The Middleburgh and Schoharie Railroad was a railroad in the U.S. state of New York. The Middleburgh–Schoharie Railroad served not only as a major passenger line in the Schoharie Valley but also as an artery of industry.

Hops were frequently sent over the line when Schoharie County was one of the major growers of hops. Fares for the railroad were cheap for the contemporary times and encouraged travel across the Schoharie Valley. This had not happened before this except for travel by horse or walking. The Middleburgh and Schoharie Railroad operated in conjunction with the Schoharie Valley Railroad, although they were separate companies, they frequently used each other's locomotives, equipment, and facilities.

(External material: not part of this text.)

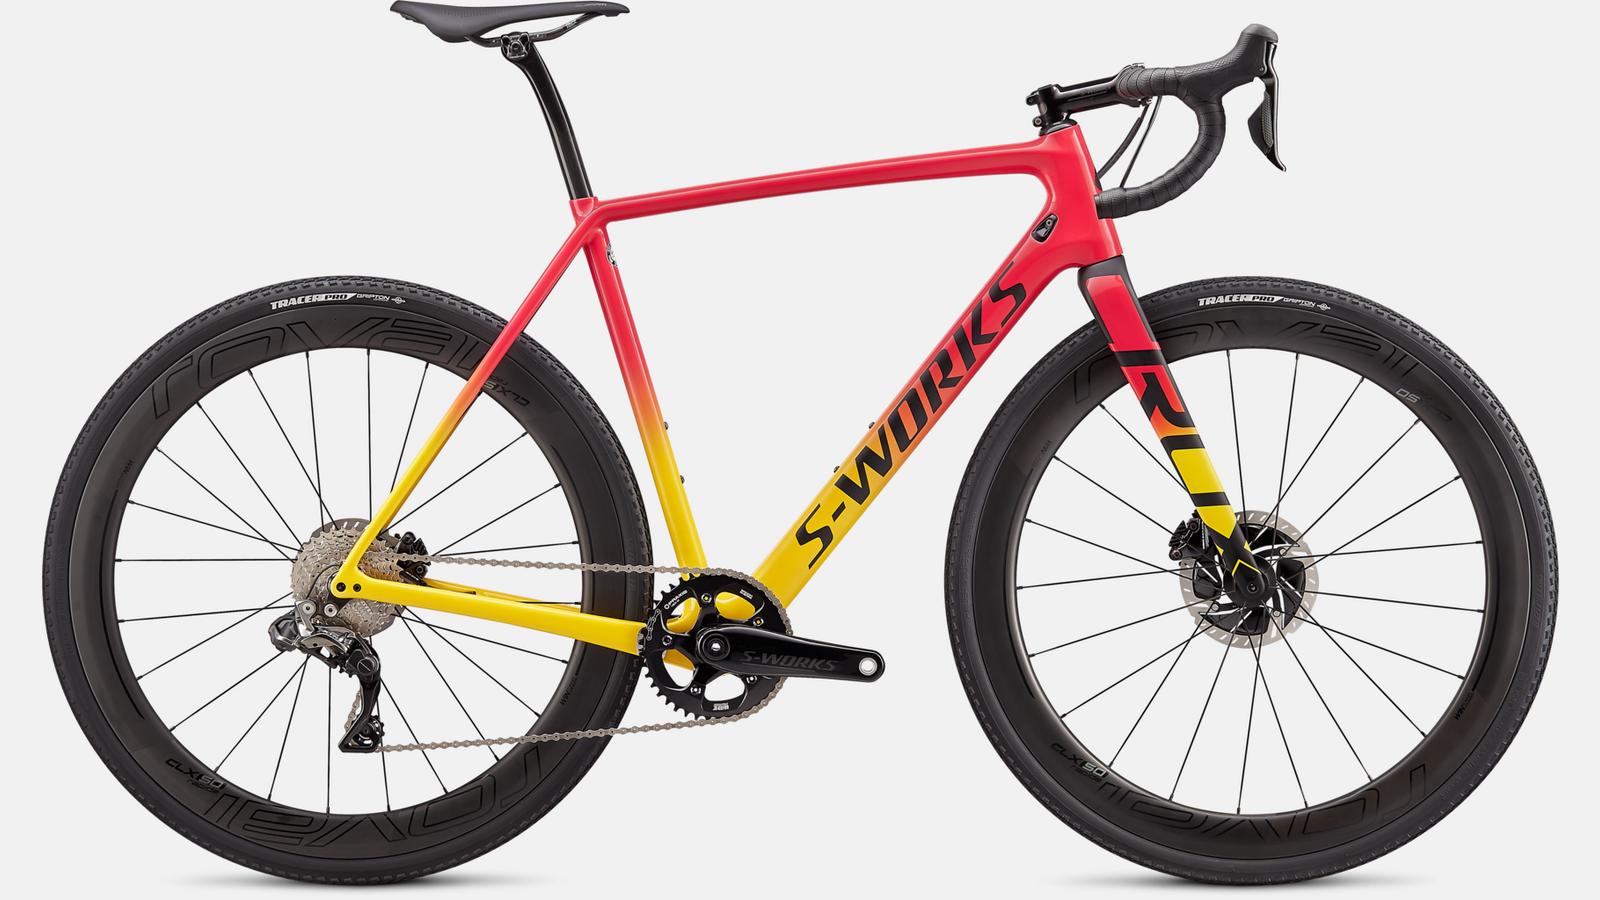 Paint for 2020 Specialized S-Works CruX - Gloss Golden Yellow

The Schoharie Valley Railroad ran between Schoharie and Schoharie Junction.

==History==
The Middleburgh and Schoharie Railroad was founded in 1867. The first chairman of the railroad was Jacob Vroman and S.L. Mayham was named secretary.
David Becker was named president of the railroad in 1868. The railroad was constructed at a cost of $105,000. Despite the construction, shares in the railroad dropped by ninety percent.
The Railroad was aided by the fact that most of the terrain between Middleburgh and Schoharie is flat, reducing costs and engineering complexity.
===Decline===

After the rise of automobiles and the fall of the hop crop, the Middleburgh and Schoharie Railroad began to decline. The railroad's last day of service was September 24, 1936. The railroad had become unprofitable during the twentieth century.
Reluctantly the historic railroad was closed, although there is speculation that it could be reopened in modern times as a tourist attraction. The sister railroad, the Schoharie Valley Railroad continued operation until September 17, 1942, when it too was closed due to changing times.

===Remnants===
The railway stations of Middleburgh and Schoharie still exist. The one in Schoharie is preserved and the other has been used as a house. The depot in Middleburgh has recently been purchased by the village and will be restored as a museum. A passenger car and a caboose of the old line are preserved in Schoharie and are open to the public. Within the passenger car is a model railroad of the original M&S. Possibly converting the old right of way into a rail trail has been brought up.

== Locomotives ==

| Number | Name | Built | Builder | Purchased | Sold/Scrapped | Type | Notes |
|---|---|---|---|---|---|---|---|
| - | Middleburgh | 1867 ? | Danforth | 1868 | 1869 | ? | A dummy type locomotive, most likely just for experiment. |
| 1 | Pony or Middleburgh | 1855 | Danforth | 1869 | 1895 | 4-2-4T | Previously worked on a railroad in Cleveland, named "Reindeer" in Cleveland. |
| 2 | Middleburg(h) | 1895 | Schenectady (Alco) | 1895 | 1936 | 2-4-4T | Scrapped at abandonment. Numbered one on arrival. |

== Presidents ==
- David Becker (1868–1870)
- Daniel D. Dodge (1870–1878)
- G.N. Frisbie (1878–1902)
- Duryea Beekman (1902–1916)
- D.D. Frisbie (1916–1931)
- Christopher S. Best (1931–1935)
- G.A. Hill (1935–1935)
- John B. Bingham (1935–1936)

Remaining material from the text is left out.